Sunday Morning Potatoes
I made a promise here on this blog and the promise went something like this: "I won't blog more than three recipes from any particular cookbook because, after a certain point, people should just buy it." Which is why I stopped blogging about one of my favorite new cookbook purchases (though not a new cookbook) because, pretty quickly, I posted three recipes from it. Now I have a 4th recipe which isn't so much a recipe as it is a technique. So I'll break my own rule but I sort of feel ok about it because (a) I won't tell you what book it's from; and (b) this technique is so straight-forward and simple, it may as well just be something your neighbor told you how to do rather than something from the pages of Marion Cunningham's Breakfast Book. Oops.
To make this recipe--err, technique--you'll need a good old-fashioned Russet potato.
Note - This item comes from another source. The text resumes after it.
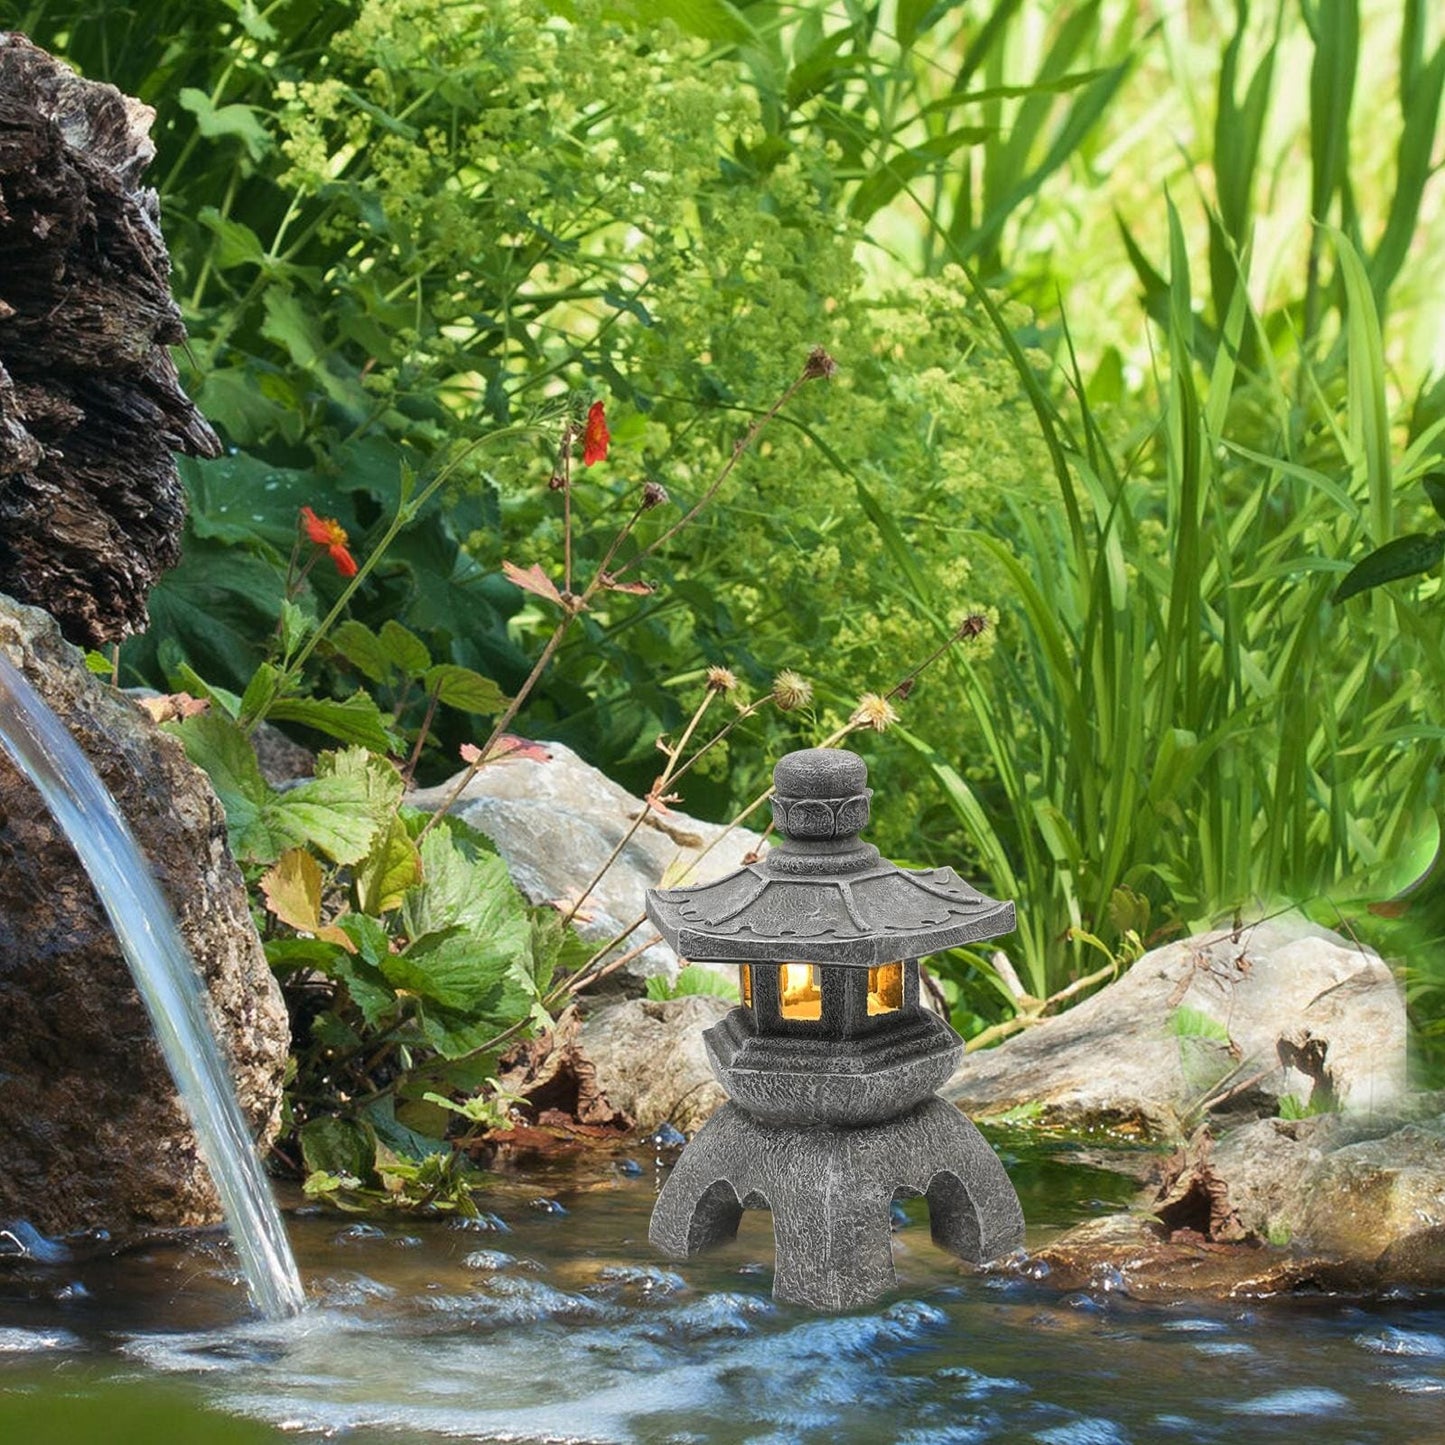 Lanterne de Jardin Japonaise Solaire - Décoration Extérieure Traditionnelle
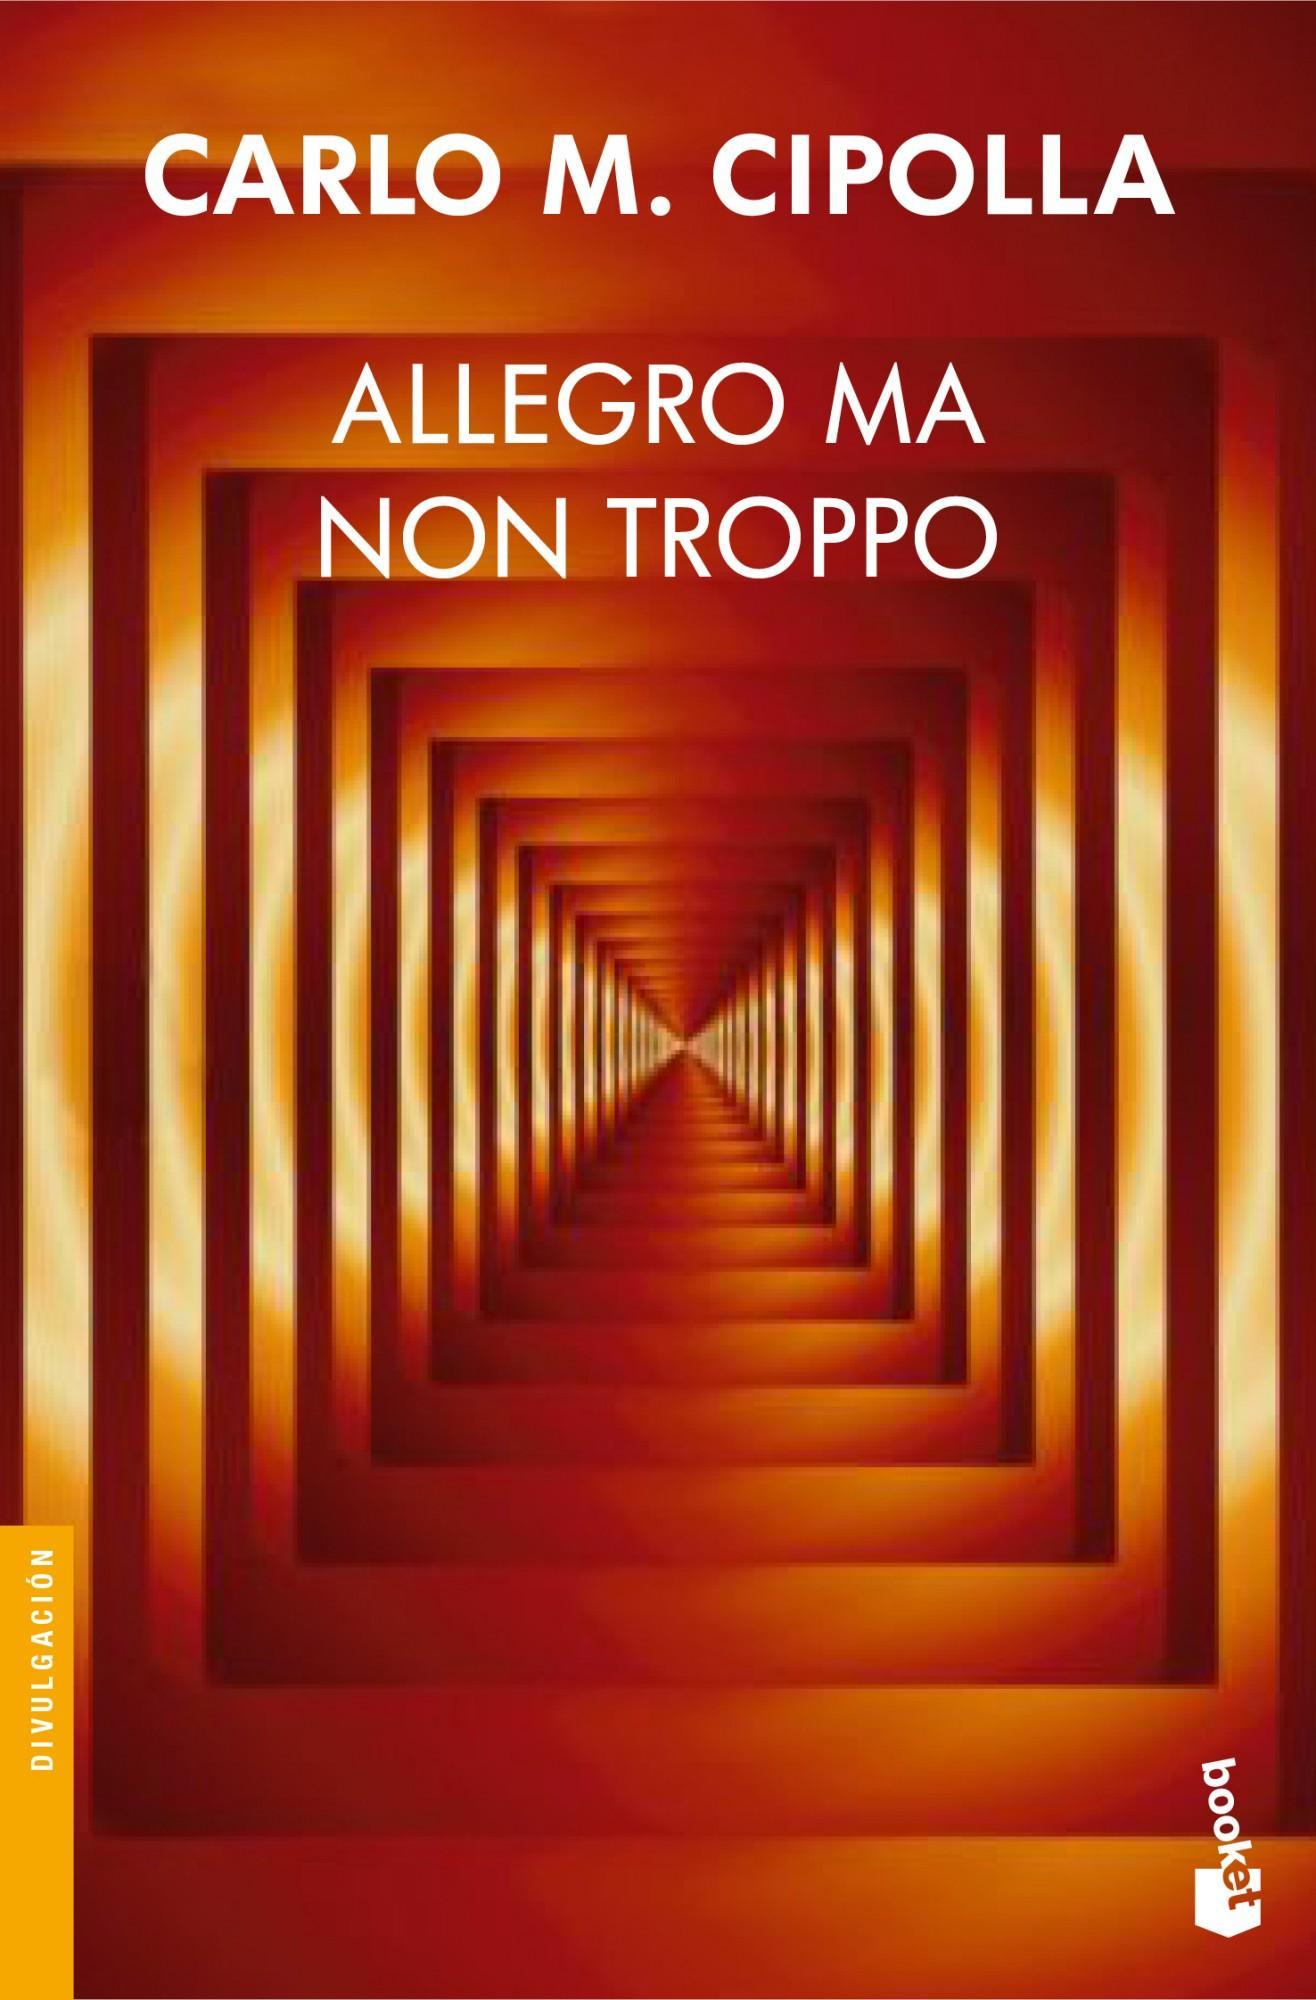 Foto Allegro ma non troppo (en papel) foto 737216

Wash it and pat it dry with paper towels and then cut it into 1/2-inch cubes.
Meanwhile, in a cast iron or non-stick skillet on medium/high heat, render about 4 pieces of smoky bacon that you cut into strips.
Add a splash of canola oil to help them along. When the bacon is just crispy and the pan is coated in bacon fat, remove the bacon to a plate and turn up the heat. That bacon fat will get really hot. When it's basically smoking, add your potatoes in a single layer and sprinkle them with salt. You should hear a loud sizzle.
Leave them like that for a few minutes (if the pan looks particularly dry, you can add another splash of Canola oil); eventually, check one of the potato pieces. If it's dark brown, use a spatula and flip the potatoes.
Sprinkle with more salt and pepper and continue cooking. You'll basically proceed like this until the potatoes are brown all over and when you lift one from the pan and blow on it for a bit and taste it, it tastes totally cooked.
At this point, when they're cooked, you can do what I did and add chopped scallions, but you don't have to. But you do have to add the bacon back because that just makes sense.
Serve 'em up with eggs scrambled with caramelized onions and cheese and you've got a breakfast fit for a king.
I hope it's a tribute to Marion Cunningham and her wonderful Breakfast Book that I couldn't resist sharing a 4th recipe. Now I'll stop, I swear.